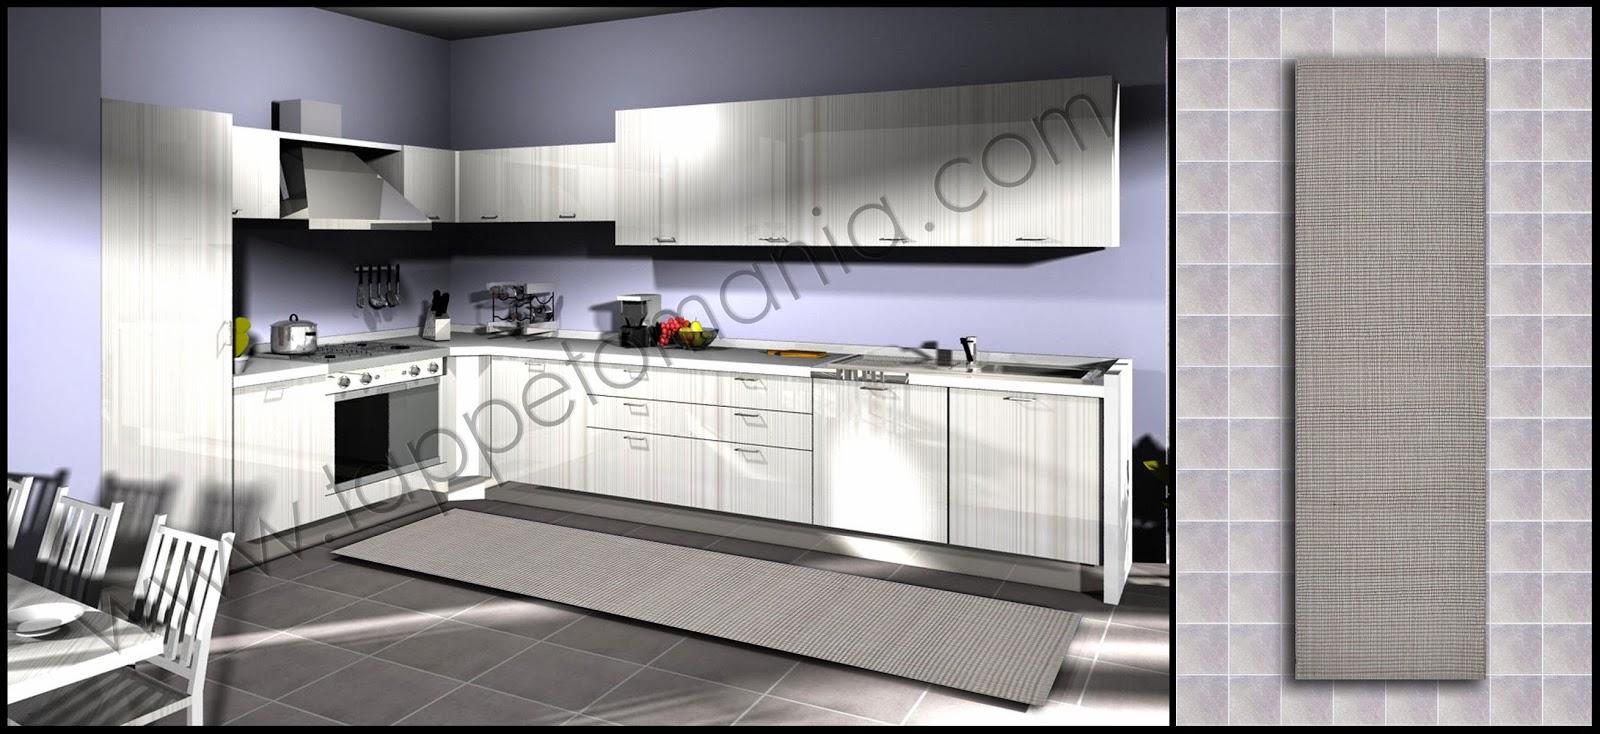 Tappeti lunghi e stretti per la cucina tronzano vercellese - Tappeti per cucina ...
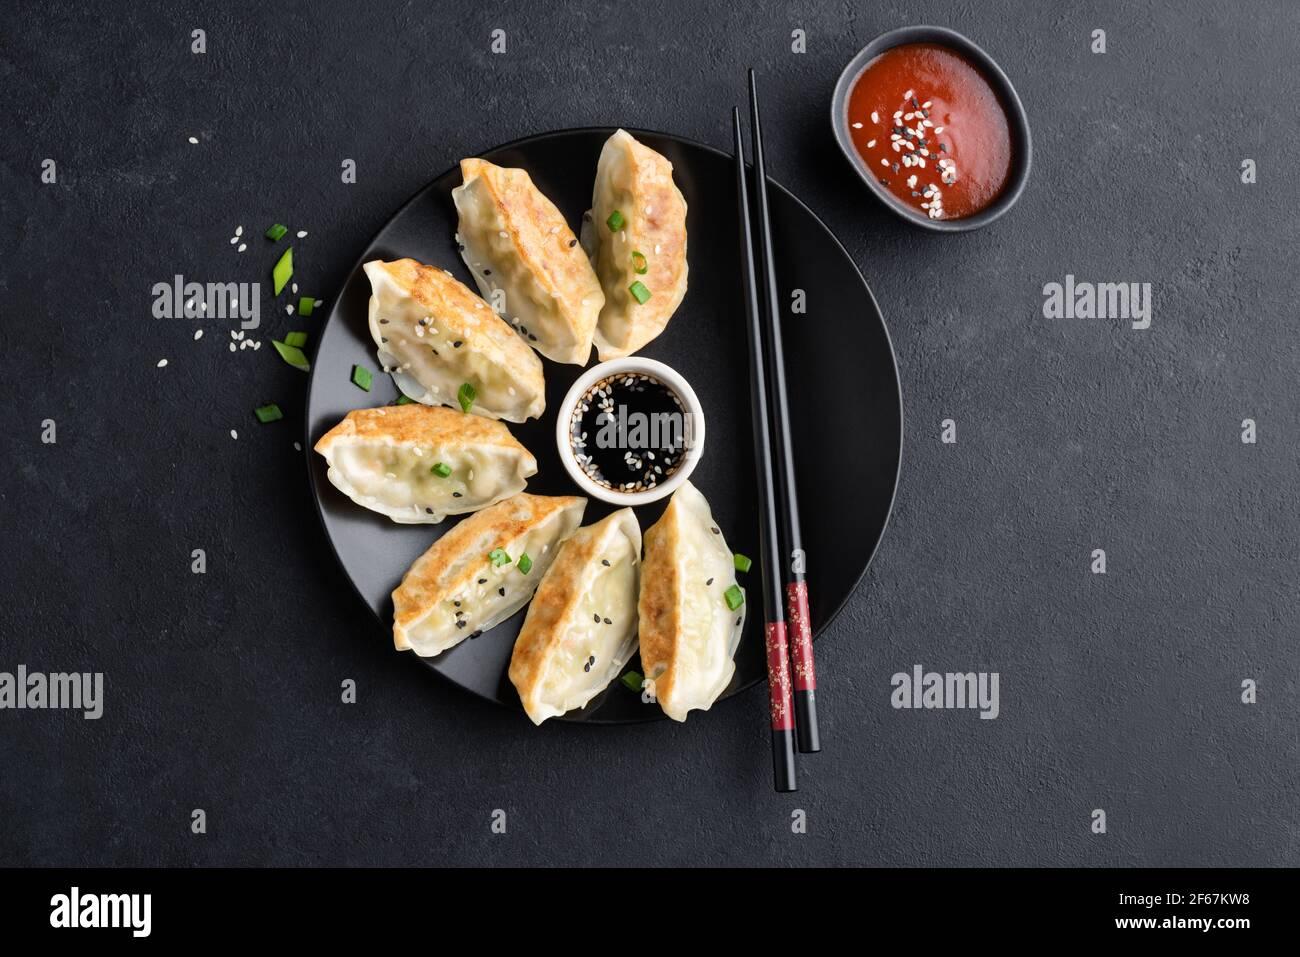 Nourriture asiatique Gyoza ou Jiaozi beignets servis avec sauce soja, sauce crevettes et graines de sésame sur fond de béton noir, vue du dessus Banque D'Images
* * *
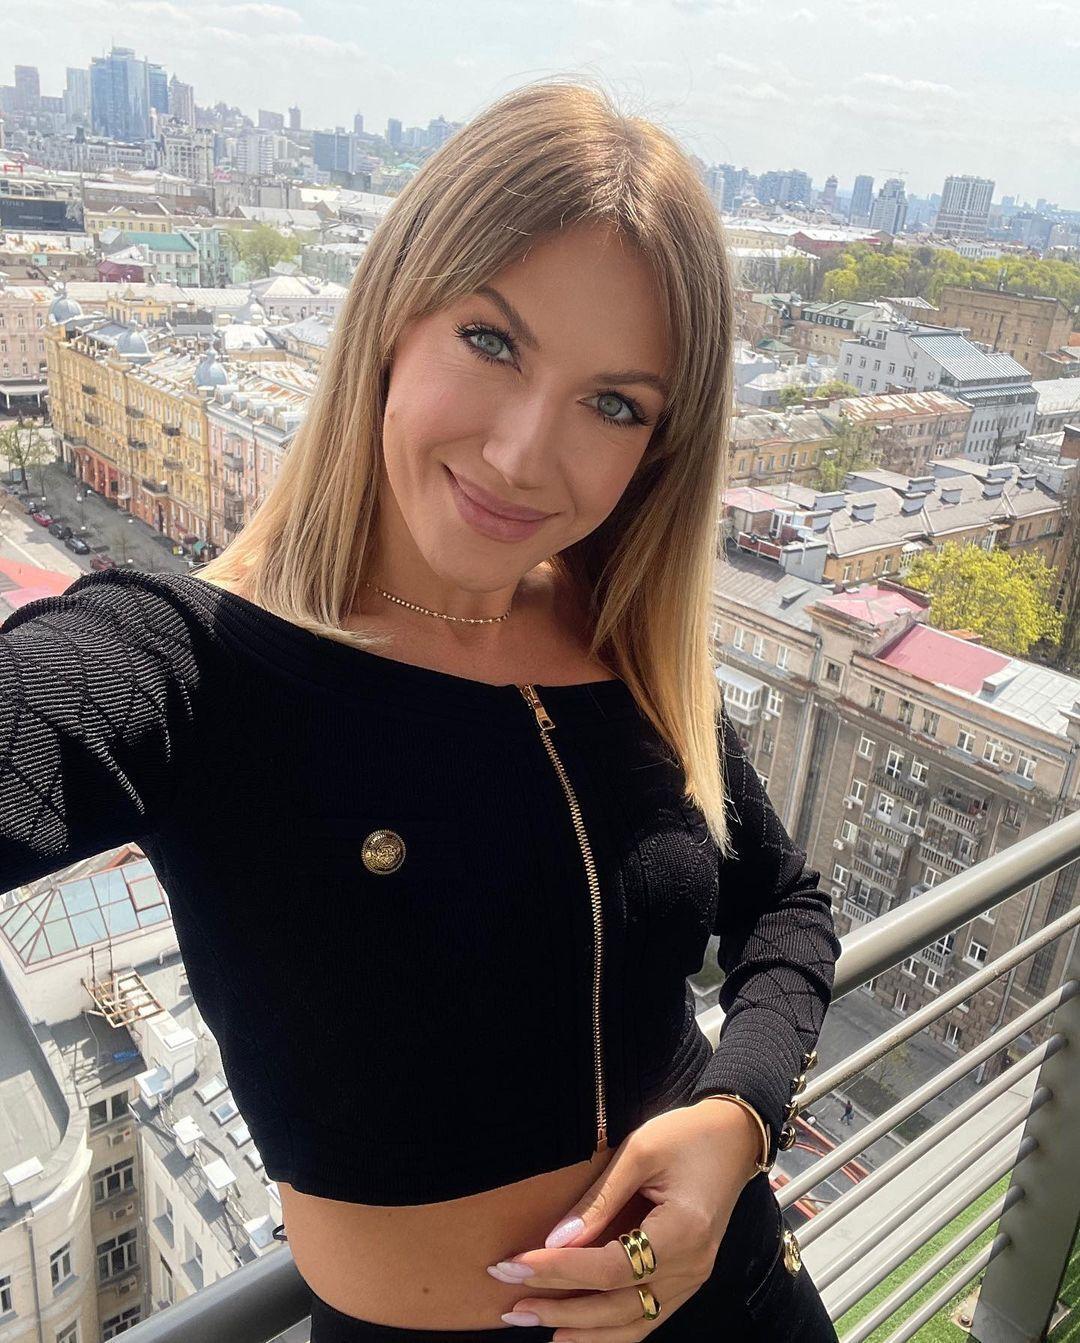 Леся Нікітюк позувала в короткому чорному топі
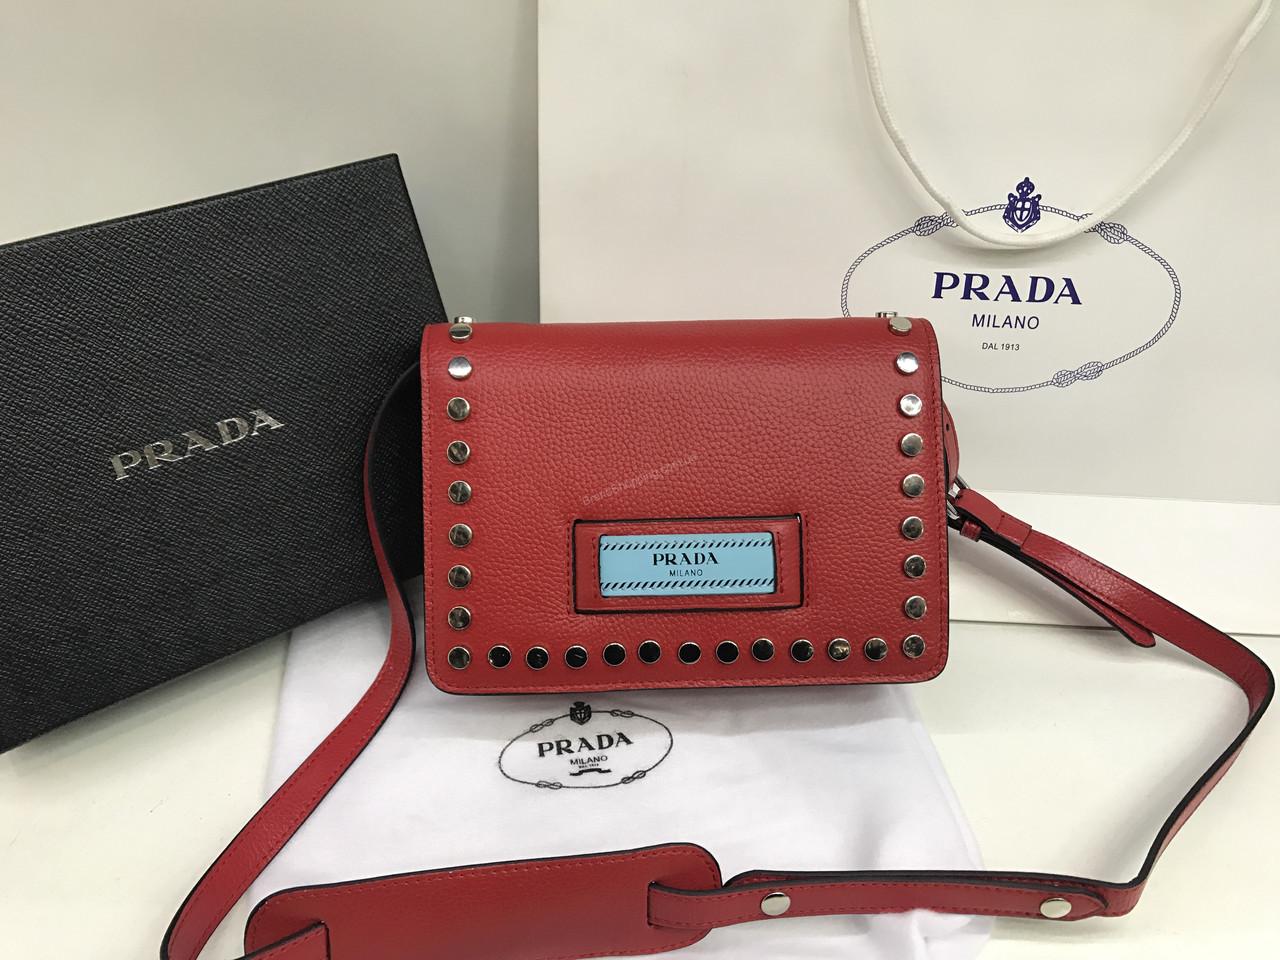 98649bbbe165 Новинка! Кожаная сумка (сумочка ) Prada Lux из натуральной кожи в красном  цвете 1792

How to complete this task
The answer should consist only of the lines above from the one with "Леся Нікітюк позувала" through the one with "98649bbbe165 Новинка! Кожаная", repeated exactly, with no pictures among them.

Answer box
 Леся Нікітюк позувала в короткому чорному топі
 98649bbbe165 Новинка! Кожаная сумка (сумочка ) Prada Lux из натуральной кожи в красном  цвете 1792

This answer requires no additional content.